• DIRECTIONS FOR THIS TASK: Please repeat the listing below exactly, but do not include its pictures.

• SUPPLIED DATA:
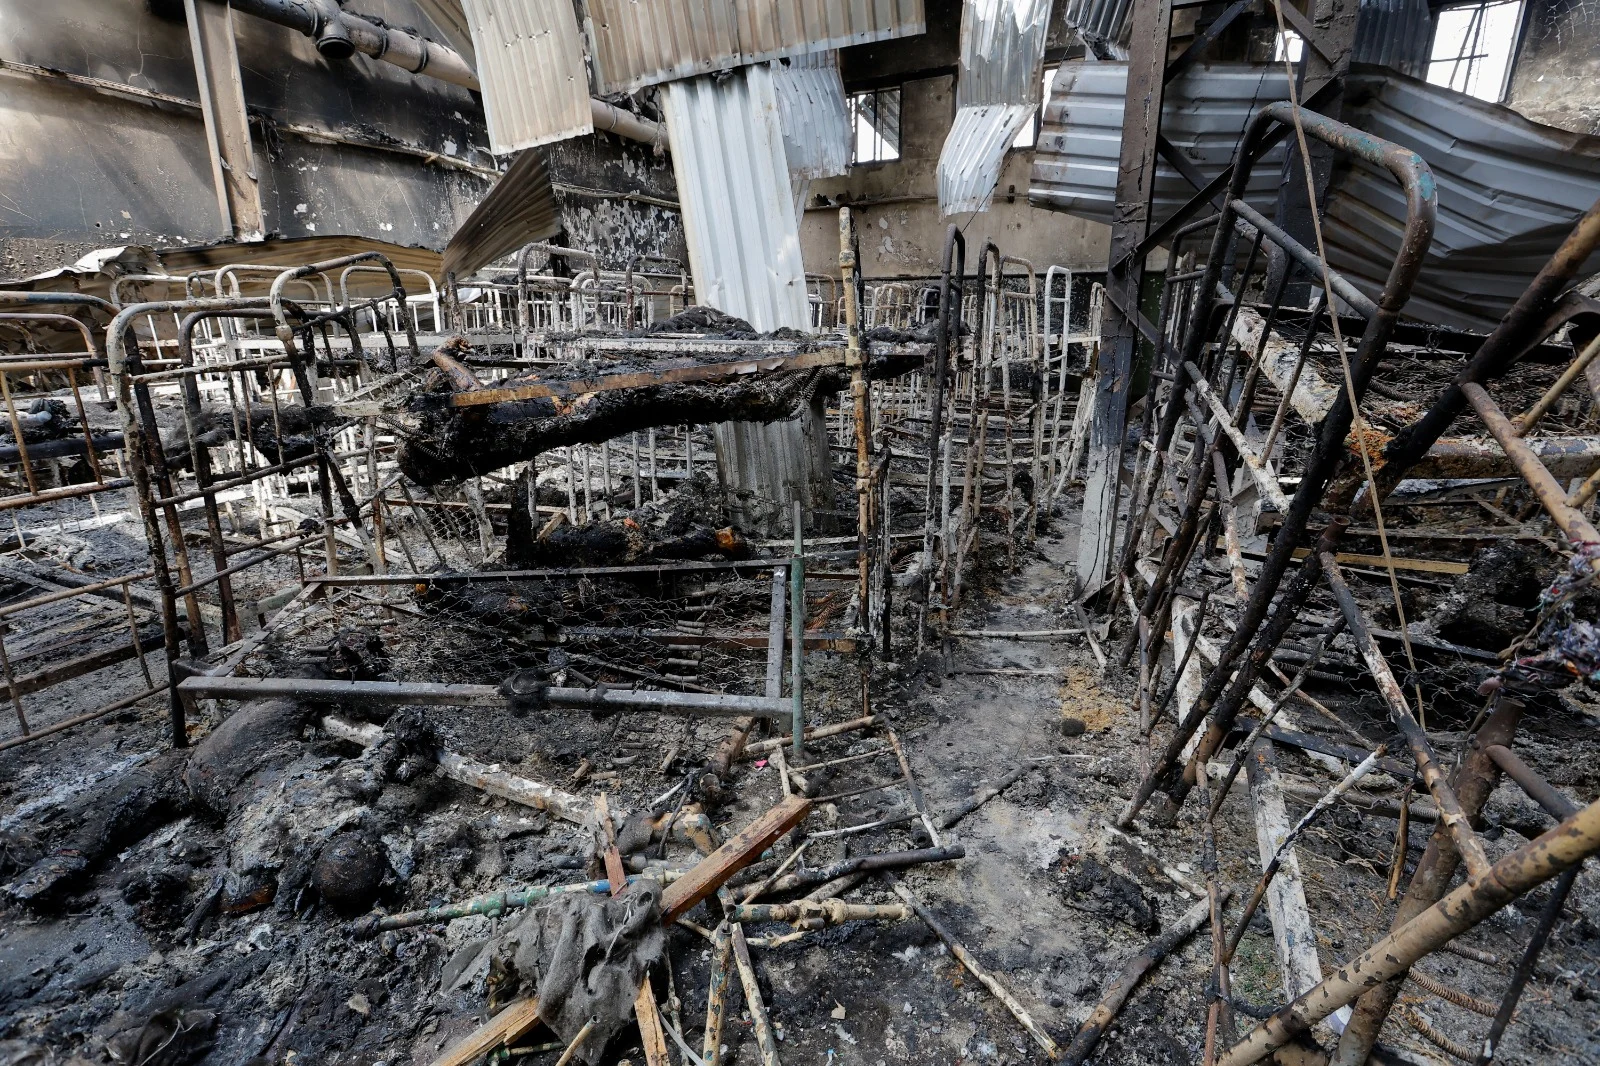 53 הרוגים ועשרות פצועים בהפגזת בית סוהר: זלנסקי קרא לעולם להכיר ברוסיה כמדינת טרור
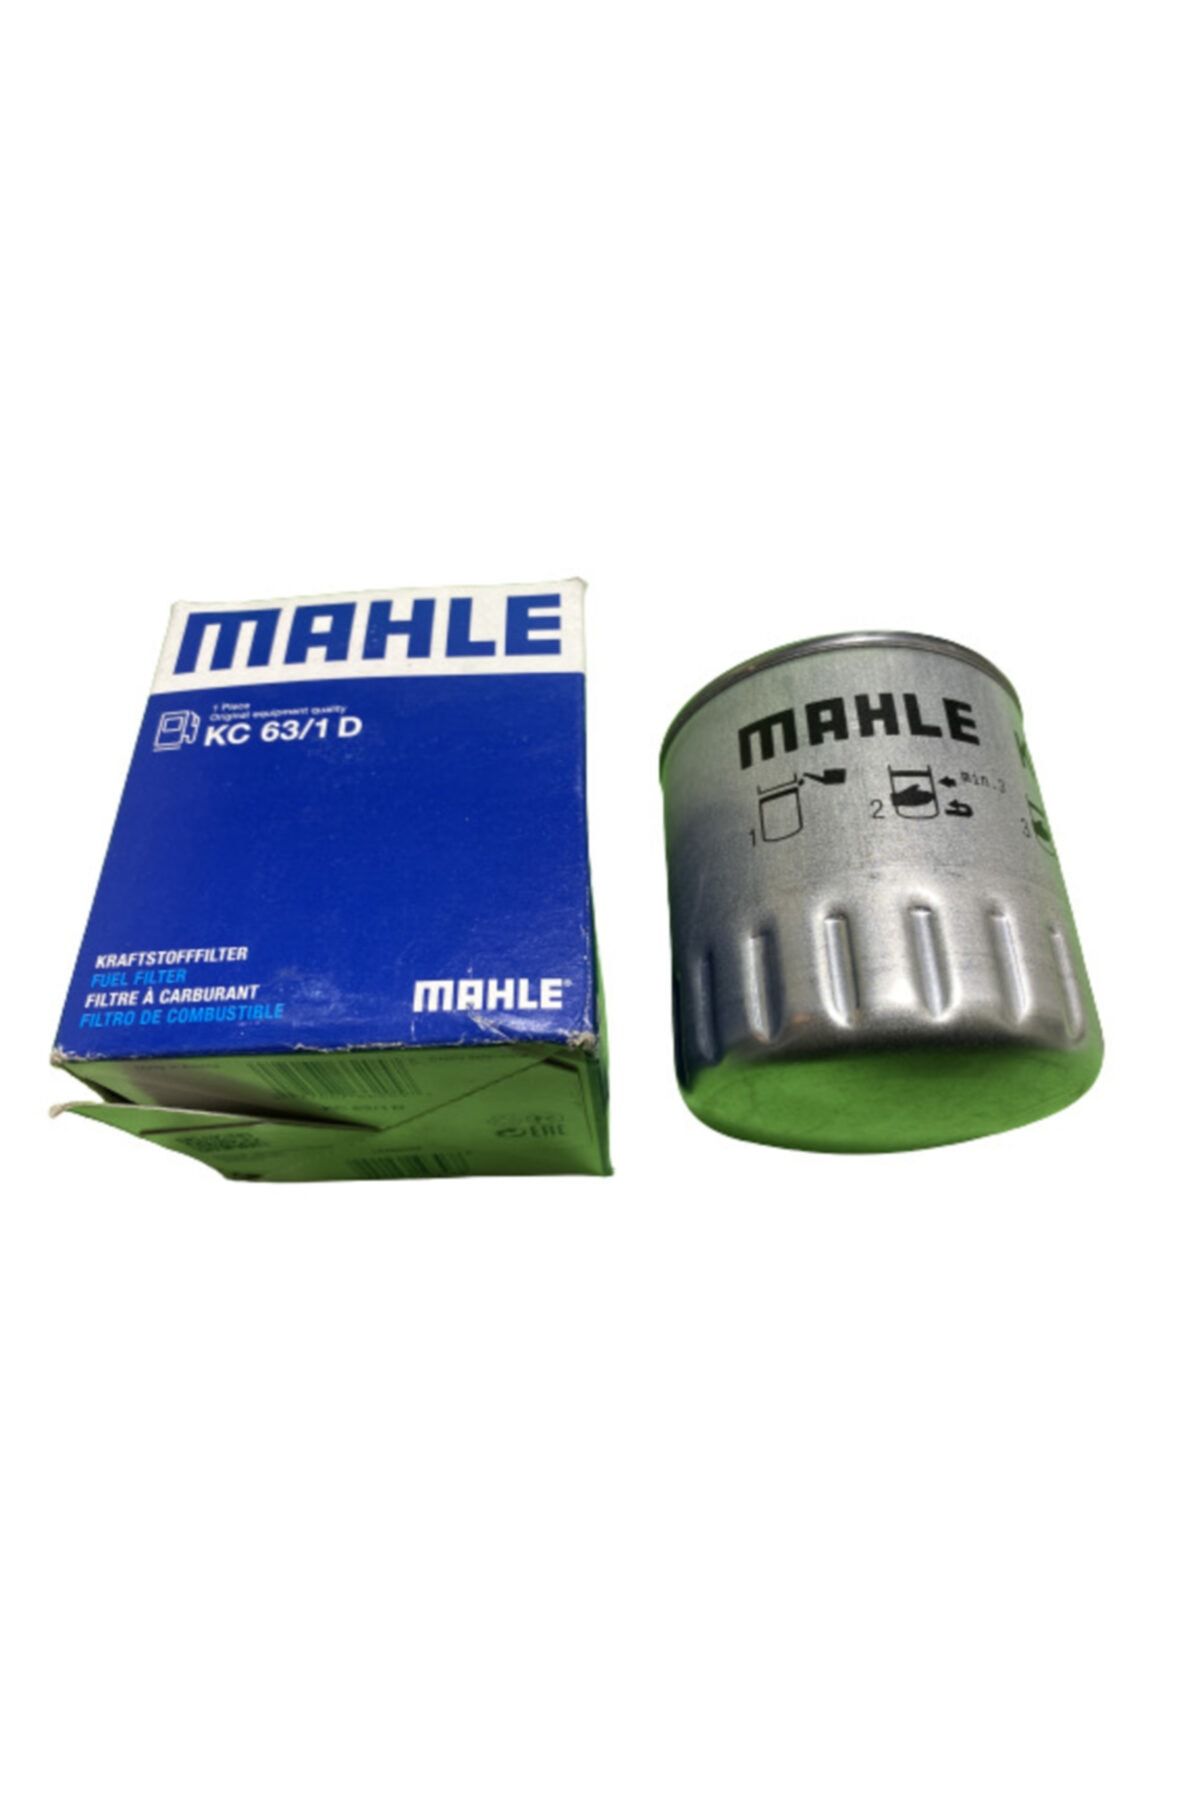 Mahle Yakıt Filtresi / Sprinter - Vito / 6610923101 - Kc63/1 Uyumlu
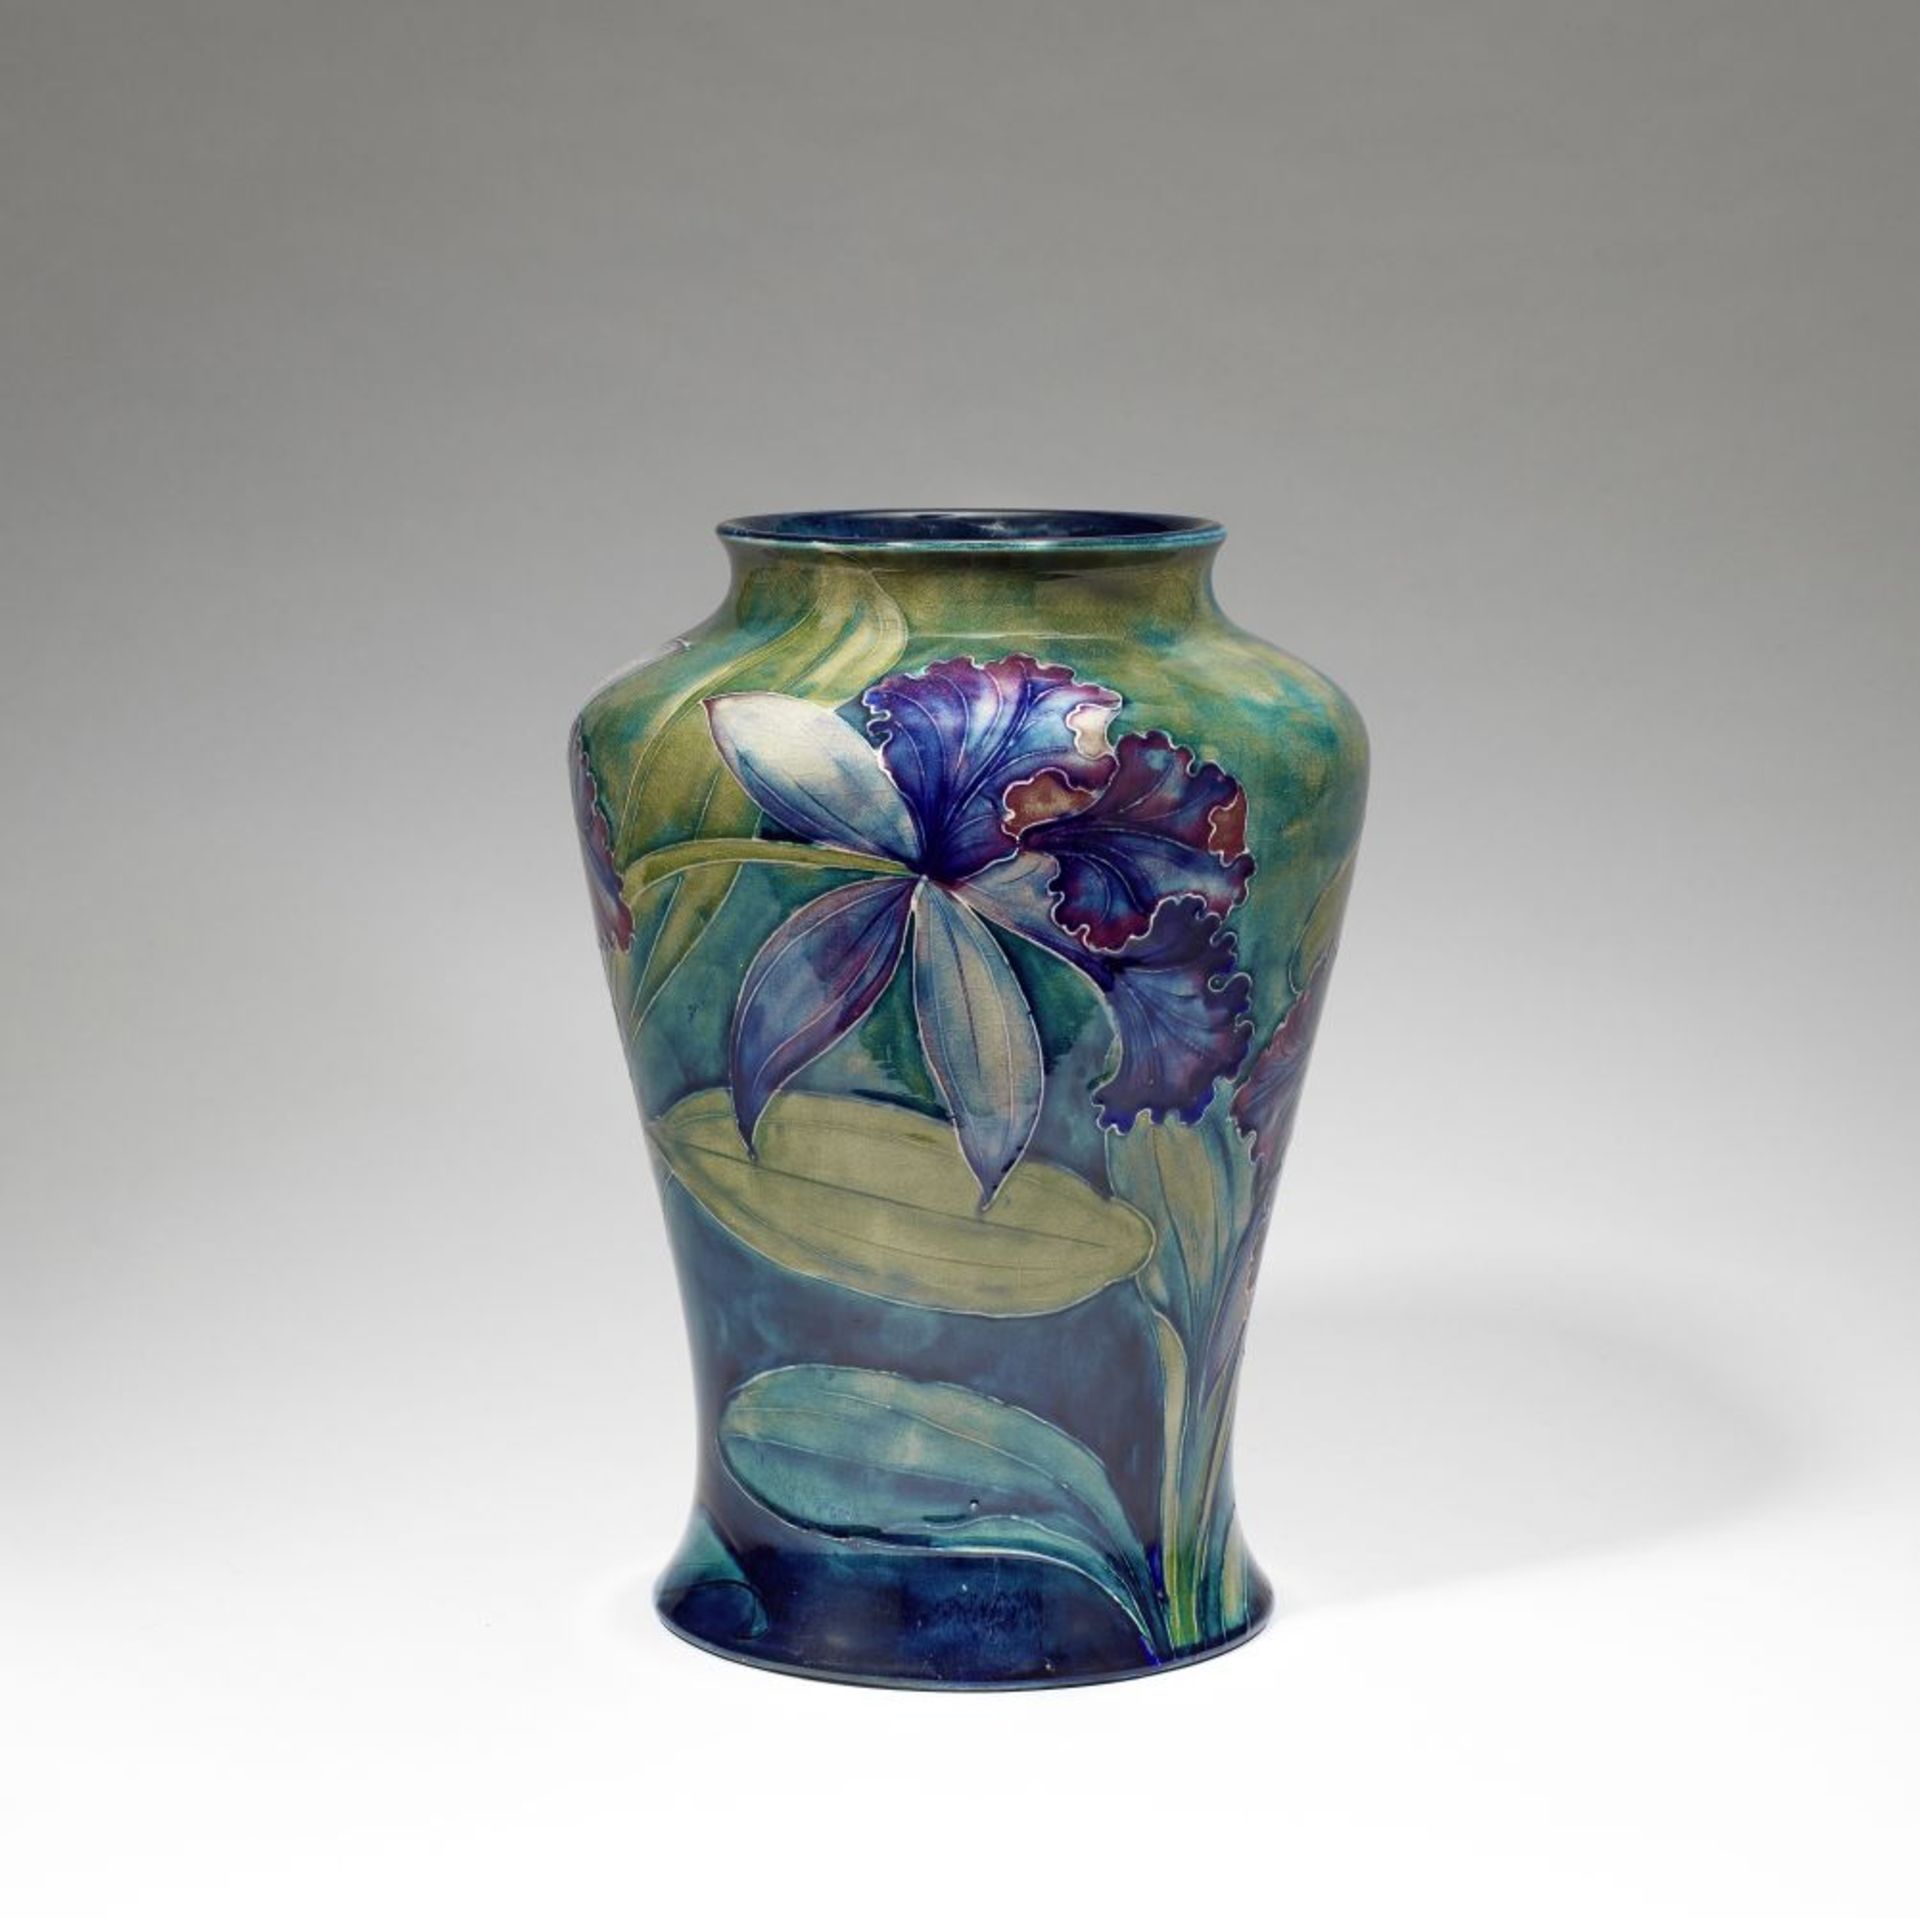 William Moorcroft 'Orchid' vase, model no. 22, circa 1918

• ANSWER AREA:
 53 הרוגים ועשרות פצועים בהפגזת בית סוהר: זלנסקי קרא לעולם להכיר ברוסיה כמדינת טרור
 Mahle Yakıt Filtresi / Sprinter - Vito / 6610923101 - Kc63/1 Uyumlu
 William Moorcroft 'Orchid' vase, model no. 22, circa 1918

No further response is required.